A) INS1 (832/13) cells were plated in a 96-well plate (10⁵ cells/well). After overnight incubation, the cells were cultured in RPMI supplemental media and transfected with a bicistronic mammalian expression plasmid containing either GFP or b-tomosyn-2 and GFP. After 36 h of incubation, the insulin secretion was measured. Fractional insulin secretion in response to 3 mM 8-bromo cAMP at 7 mM glucose from b-tomosyn-2 transfected cells was normalized to that of cells transfected with GFP. Values are means ± S.E. of N≥4. * p≤0.05 for the fractional insulin secretion from the cells overexpressing tomosyn-2 vs. GFP expressing cells. B) HEK 293T cells were transfected with mock, tomosyn-1-myc, or tomosyn-2-myc isoforms (b, s, m, and xb) mammalian expression plasmids. After 24 h, the cells were harvested and whole cell lysates (WCL) were prepared. GST-pull-down experiments were performed as described in Methods. Ponceau S staining shows input of the GST fusion proteins. The overexpression of the exogenous protein in HEK 293T cells was determined by subjecting the WCL to western blot using anti-myc antibody. C) The graphs show the binding of each tomosyn-2 isoform relative to the amount of bound tomosyn-1. Values are means ± S.E. of N = 4.
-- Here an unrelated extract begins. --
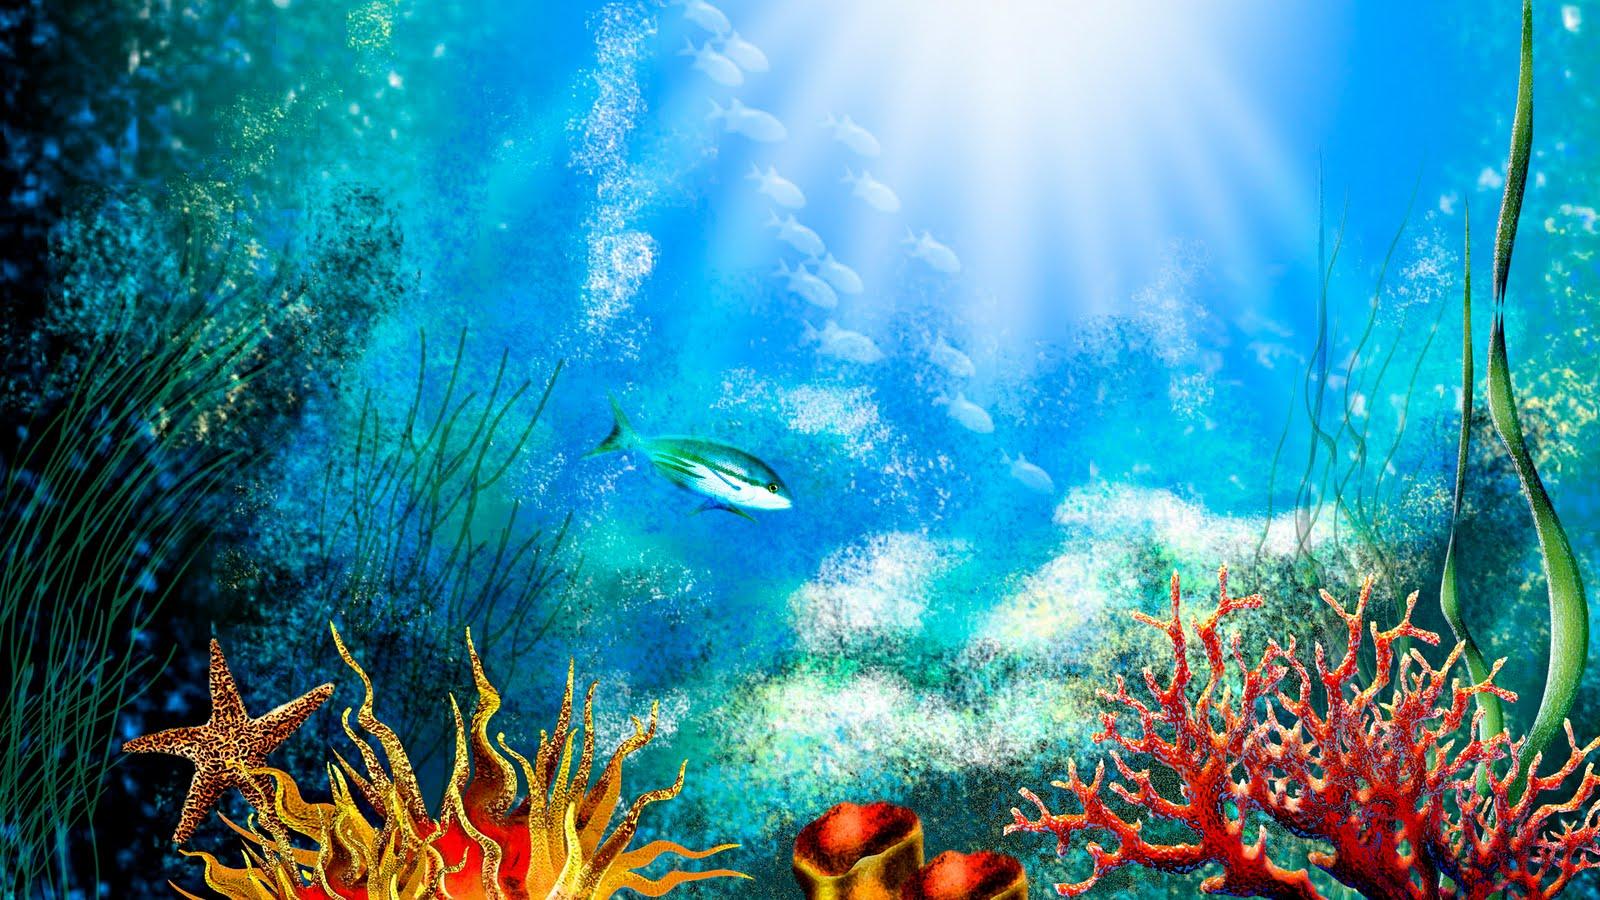 Aquarium hd wallpaper, aquarium wallpaper   Amazing Wallpapers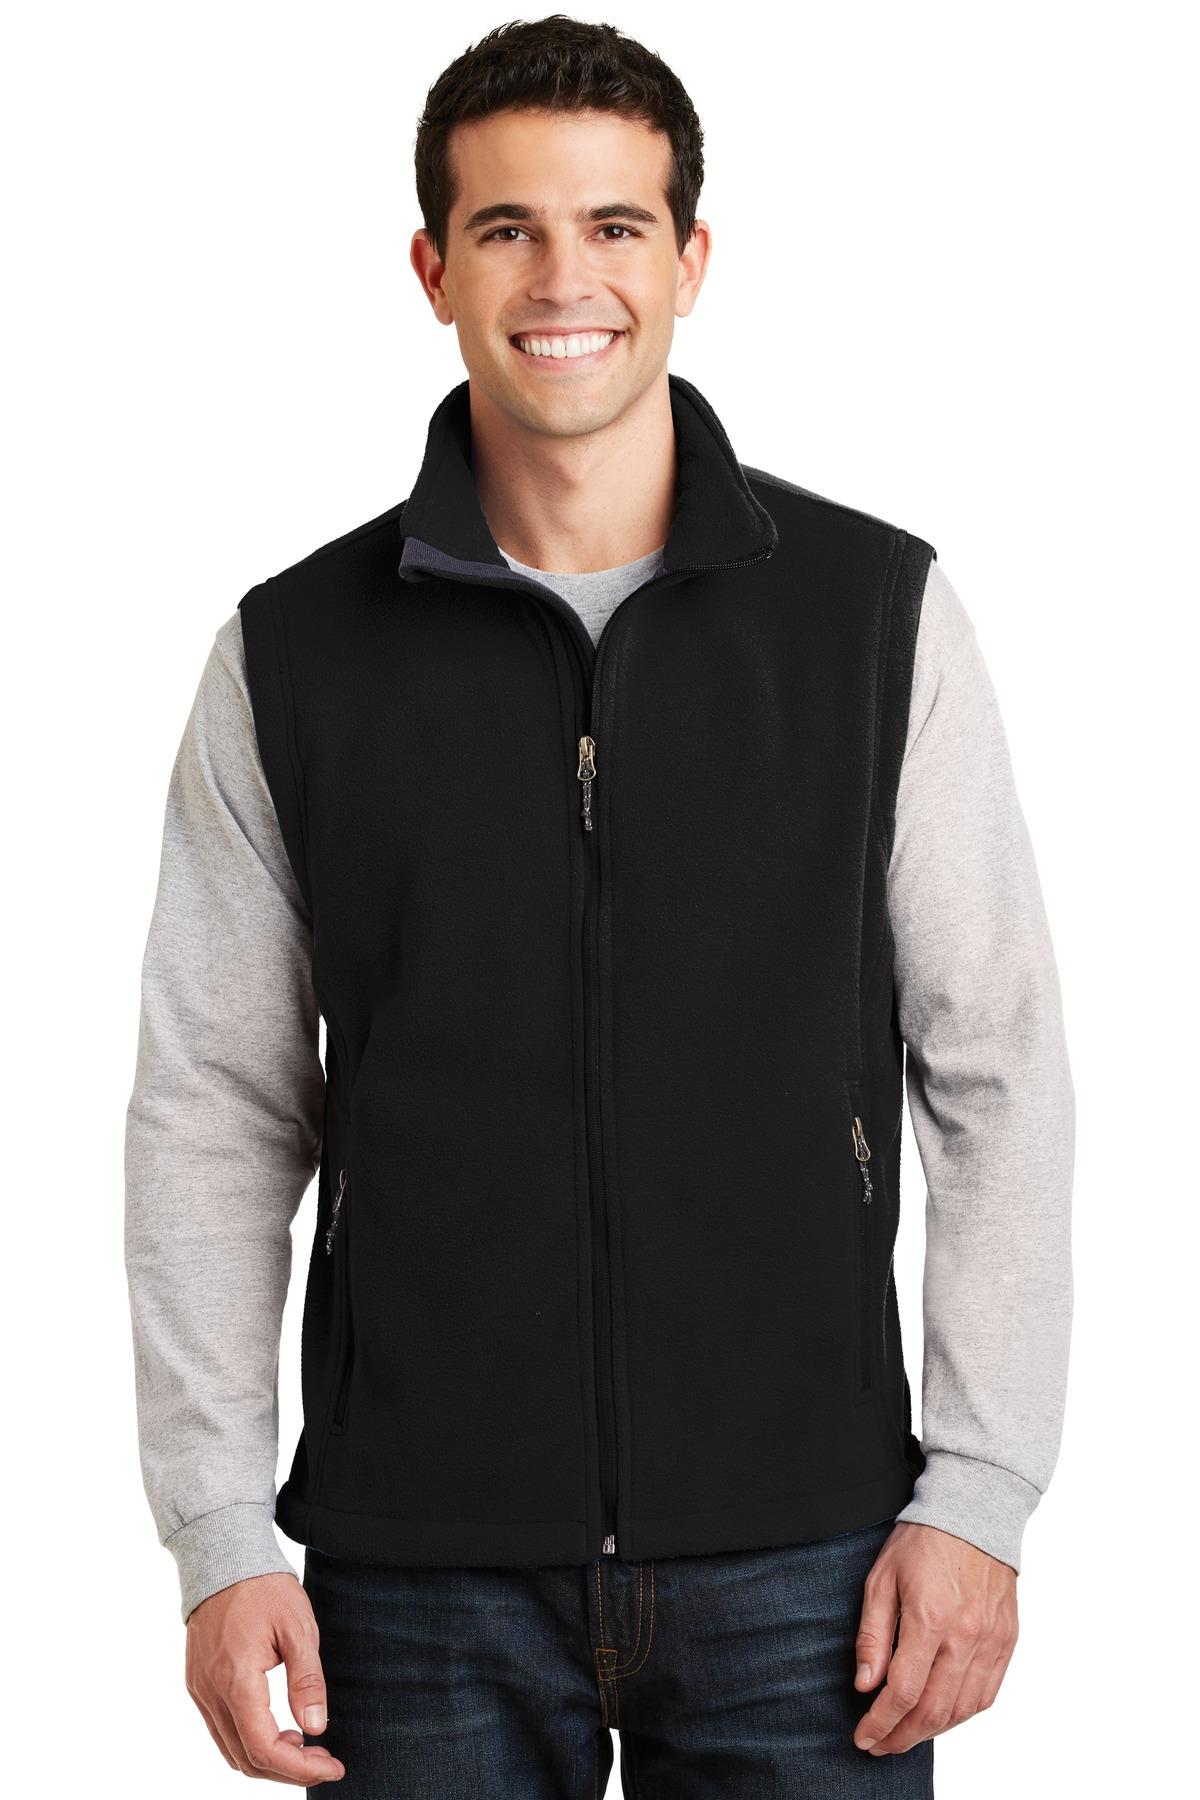 F219 Port Authority® Value Fleece Vest.-Port Authority

Figure 9. Effect of proteasomal inhibitor on B6 and BTBR allele of b-tomosyn-2.

A) The mammalian expression plasmid containing the mock, b-tomosyn-2 (Serine912)-myc or b-tomosyn-2 (Leucine-912)-myc were transfected in HEK293Tcells. After 16 h incubation in DMEM supplemental media, cells expressing b-tomosyn-2-myc were treated with MG132 (100 µM) or DMSO for 6 h. Equal amounts of protein were subjected to western blot analysis and the level of b-tomosyn-2-myc protein was determined using anti-myc antibody. The actin was used as a loading control. B) Shows the quantitation of the signals for three experiments. Values are means ± S.E. of N = 3. *p≤0.05 for the expression of b-tomosyn-2-myc in the samples treated with MG132 vs. DMSO.